Former foreign minister Paolo Gentiloni was sworn in as Italy’s new prime minister on Monday evening, bringing to a close the government crisis triggered by last week’s resignation of Matteo Renzi in record time.
Gentiloni’s new executive – which is almost a photocopy of Renzi’s cabinet – was also sworn in.
The government will present itself to the chamber of deputies and senate for a vote of confidence respectively on Tuesday and Wednesday, in time for Gentiloni to attend a European Council meeting to discuss migration, security, economy and youth, and external relations in Brussels on Thursday.
Highly respected economist Pier Carlo Padoan has been reconfirmed as economy minister, reassuring the markets and Eurozone as Italy grapples with a looming banking crisis and the possibility of bank failures. He was one of the names initially put forward to replace Renzi.
Many other key cabinet figures – including Beatrice Lorenzin at health, Andrea Orlando at justice, Roberta Pinotti at defence, Graziano Delrio at transport, Dario Franceschini at culture and Giuliano Poletti at labour – have also remained in post.
The big changes concern the interior ministry, which has gone to former government undersecretary with responsibility for the secret services Marco Minniti. He replaces Angelino Alfano, leader of the junior government partner Nuovo Centro Destra (NCD), who has taken Gentiloni’s place at the foreign ministry. The other new entry is unionist and deputy senate speaker Valeria Fedeli, who replaces Stefania Giannini at the education ministry.
Gentiloni, a 62-year-old exponent of Renzi’s Partito Democratico (PD), accepted definitively the invitation from President Sergio Mattarella to form a new government following talks with most of the political forces in parliament. The right-wing Lega Nord and the anti-establishment Movimento Cinque Stelle (M5S), which had called for snap elections without the formation of a new government as a solution to the crisis, did not attend the consultations.
One of the first actions of the new government may be to approve a decree on banks prepared under Renzi introducing generic tools for intervention if necessary.
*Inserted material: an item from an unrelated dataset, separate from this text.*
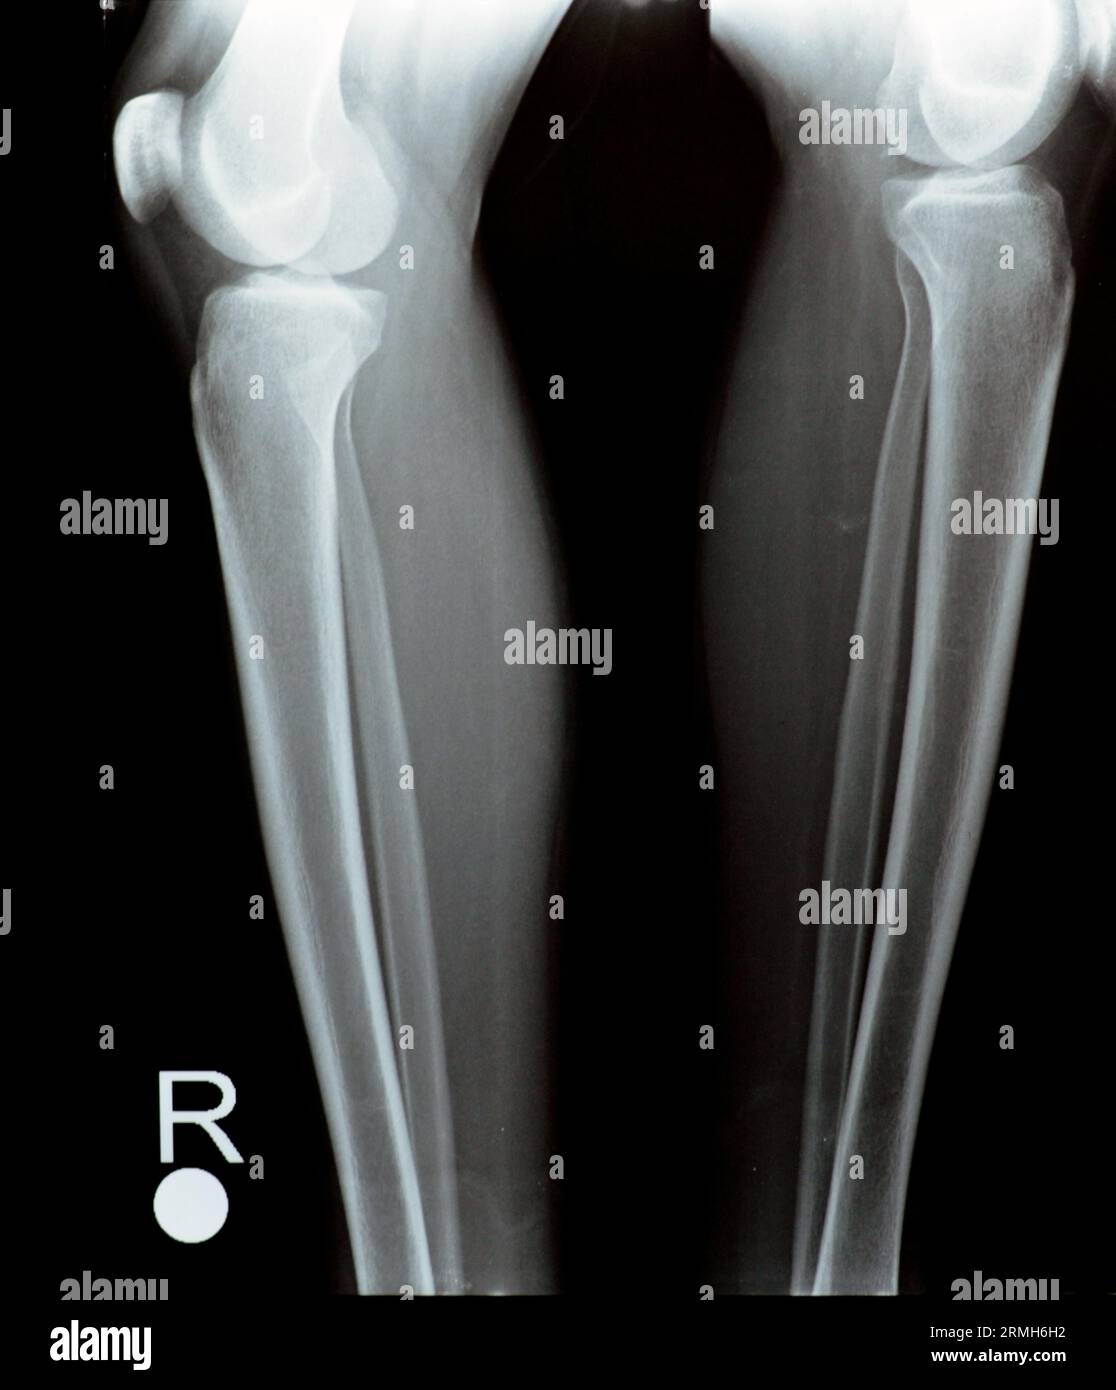 Radiografia semplice delle articolazioni del ginocchio destro e sinistro con la parte inferiore del femore e le parti superiori della tibia, della perone e della rotula che mostrano una normale Unione del ginocchio di A. Foto Stock
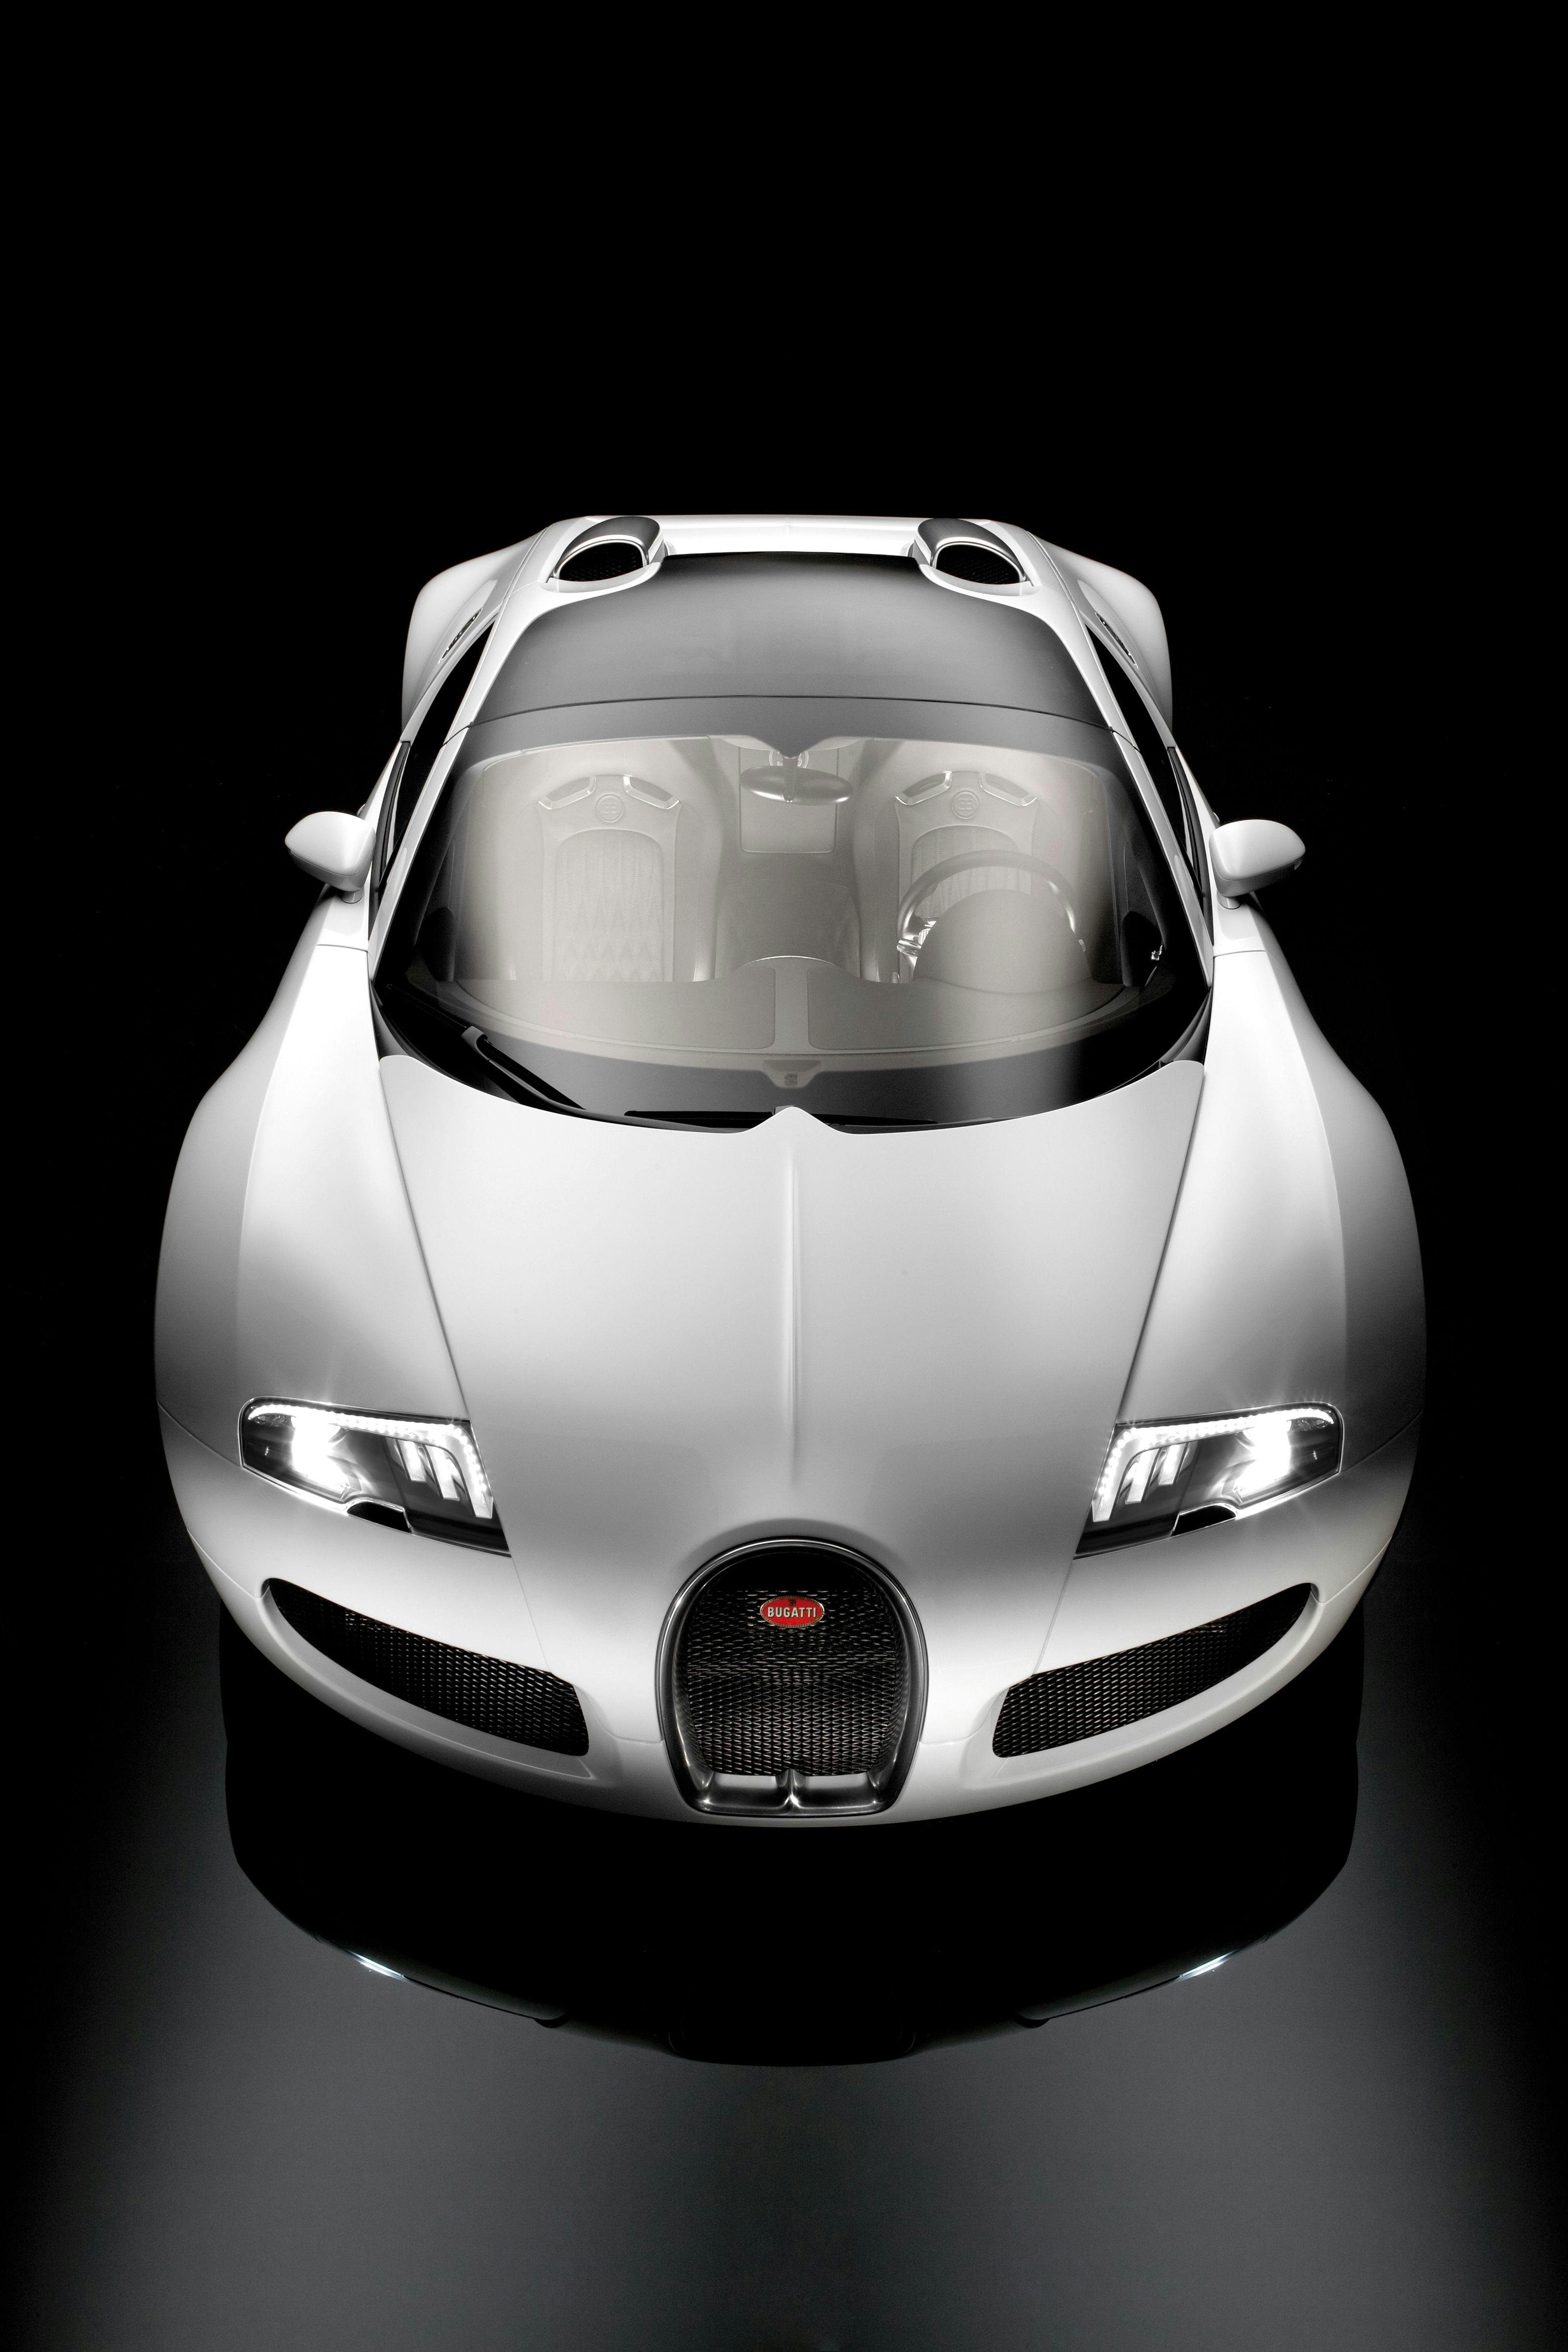 La nouvelle Bugatti Veyron 16.4 s’ouvre au monde

There is particular concern over the outcome of a five-billion-euro recapitalisation launched by Monte de Paschi di Siena, which the European Central Bank has said must be completed by the end of the year.
Other issues that will be high on the agenda of the new government are earthquake reconstruction and migration.
In addition, Gentiloni, whose government experience also includes a two-year stint as communications minister under Romano Prodi, has said he will “facilitate” the work of parliament in drawing up a new electoral law to replace the separate rules governing the two houses of parliament.